Why does this matter? I did some checking on Shlaes to see why her book, The Forgotten Man, was so important, why Toomey referenced it so frequently. I found a number of reviews of it. The popular press seemed to like it; the scholarly publications not so much. The Journal of Economic History (68, 2008, 325-328) says "Schlaes and many others sadly perpetuate this incorrect myth [of the New Deal as a Keynesian response to the Depression]. While JEH praises the books storytelling structure and calls it "a welcome addition to Great Depression scholarship" it says it is less successful as an "analysis of Roosevelt's New Deal economic policy..." Yet this was how Toomey was citing it. Labor History (50#2, 2008, 217-221), as one might expect, also does not like it, although the review does say the book was praised it the Wall St. Journal and Commentary. The review refers to her "ideologically driven bent" and her book as a "tract for unbridled self-interest." In the New Republic (Mar 18, 2009, pp. 38-42), the review states:
Now here is the extremely strange thing about the Forgotten Man: it does not really argue that the New Deal failed. In fact, Shlaes does not make any actual argument at all, though she does venture some bold claims, which she both fails to substantiate and contradicts elsewhere. Reviewing her book in the New York Times, David Leonhardt noted that Shlaes makes her arguments "mostly by implication." This is putting it kindly. Shlaes introduces the book by asserting her thesis, but she barely even tries to demonstrate it.
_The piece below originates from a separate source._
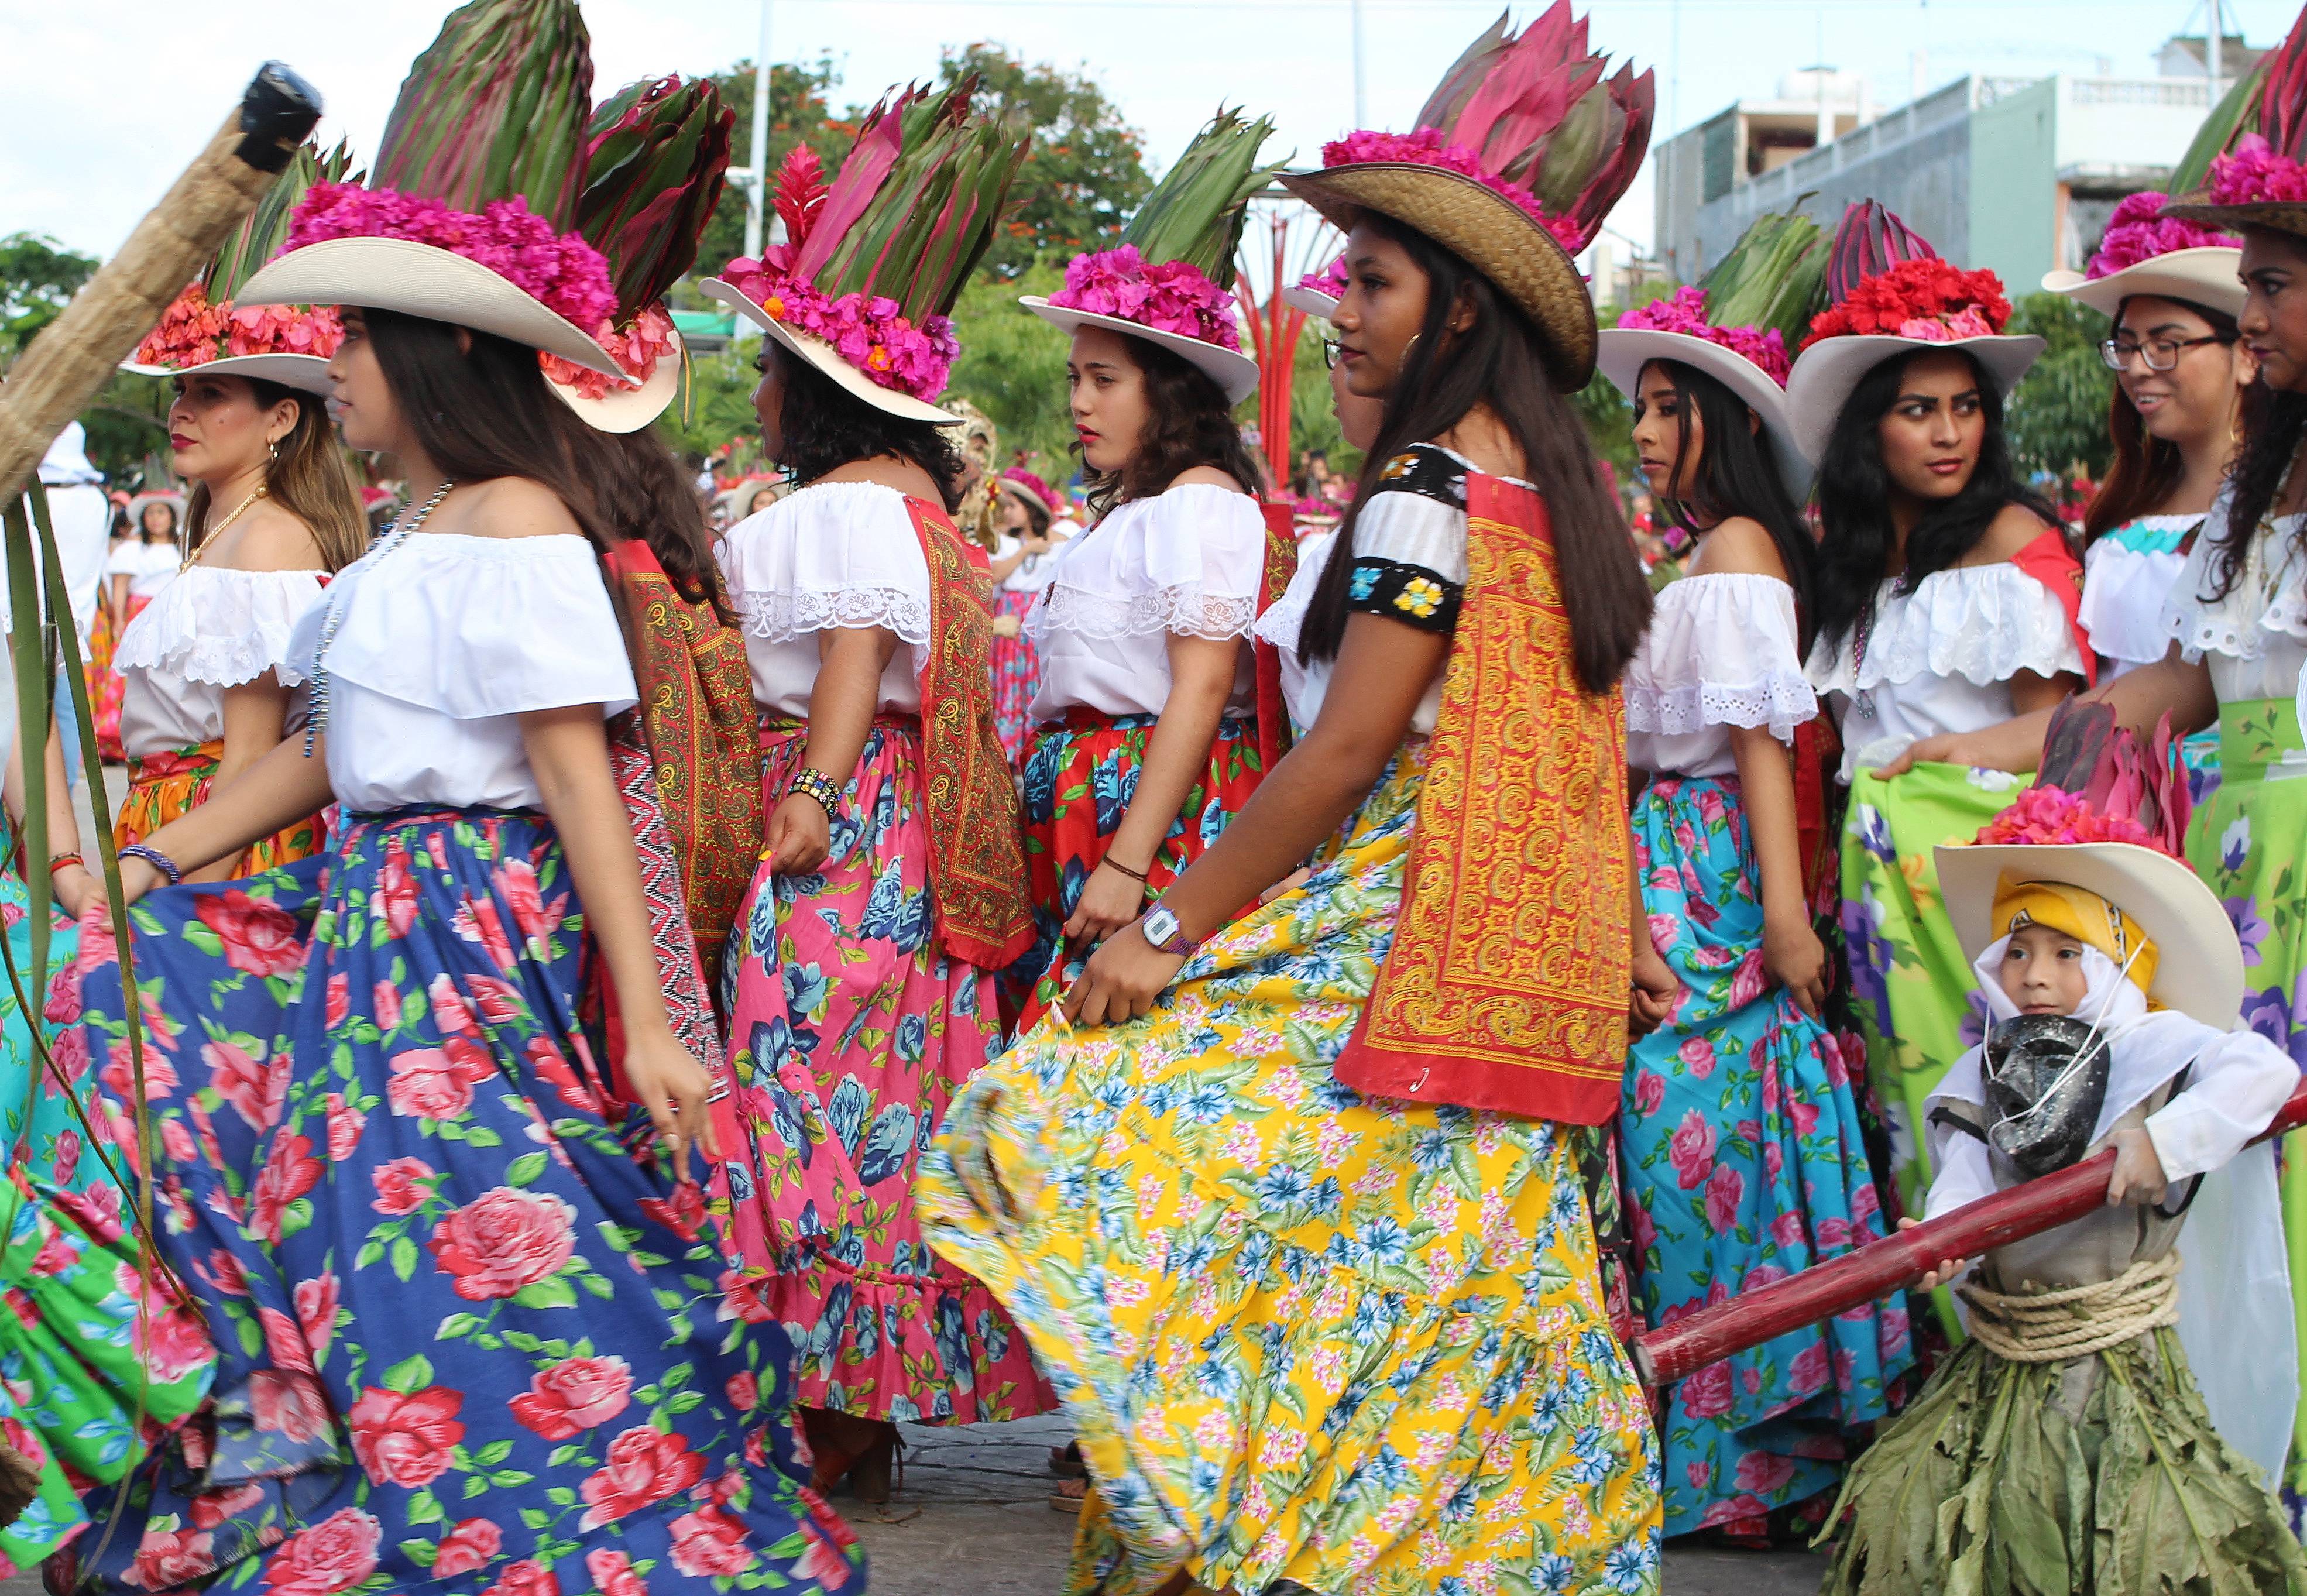 Exposition digitale "Tenosique, un carnaval mexicain unique au monde"

American History (December 2007, 63-64) says Shlaes "makes no attempt to be balanced." The reviewer states "She cherry picks economic data to make her case ..." Even Commentary (Sept 2007, 72-77) has some reservations: "If it is true that New Deal policies were not so effective in ending the depression, it is also true that FDR's leadership was instrumental in maintaining the public's faith that the crisis could be met within the boundaries of traditional institutions."
Why does this matter? If Toomey is only reading and listening to people who agree with him he is only hearing half of the story. Each time he cuts the pie, to limit references to women in his book, to limit his sources to only those from a few conservative organizations or those whose thinking is like his own, he closes off part of the world. Eventually he ends up representing only a select few.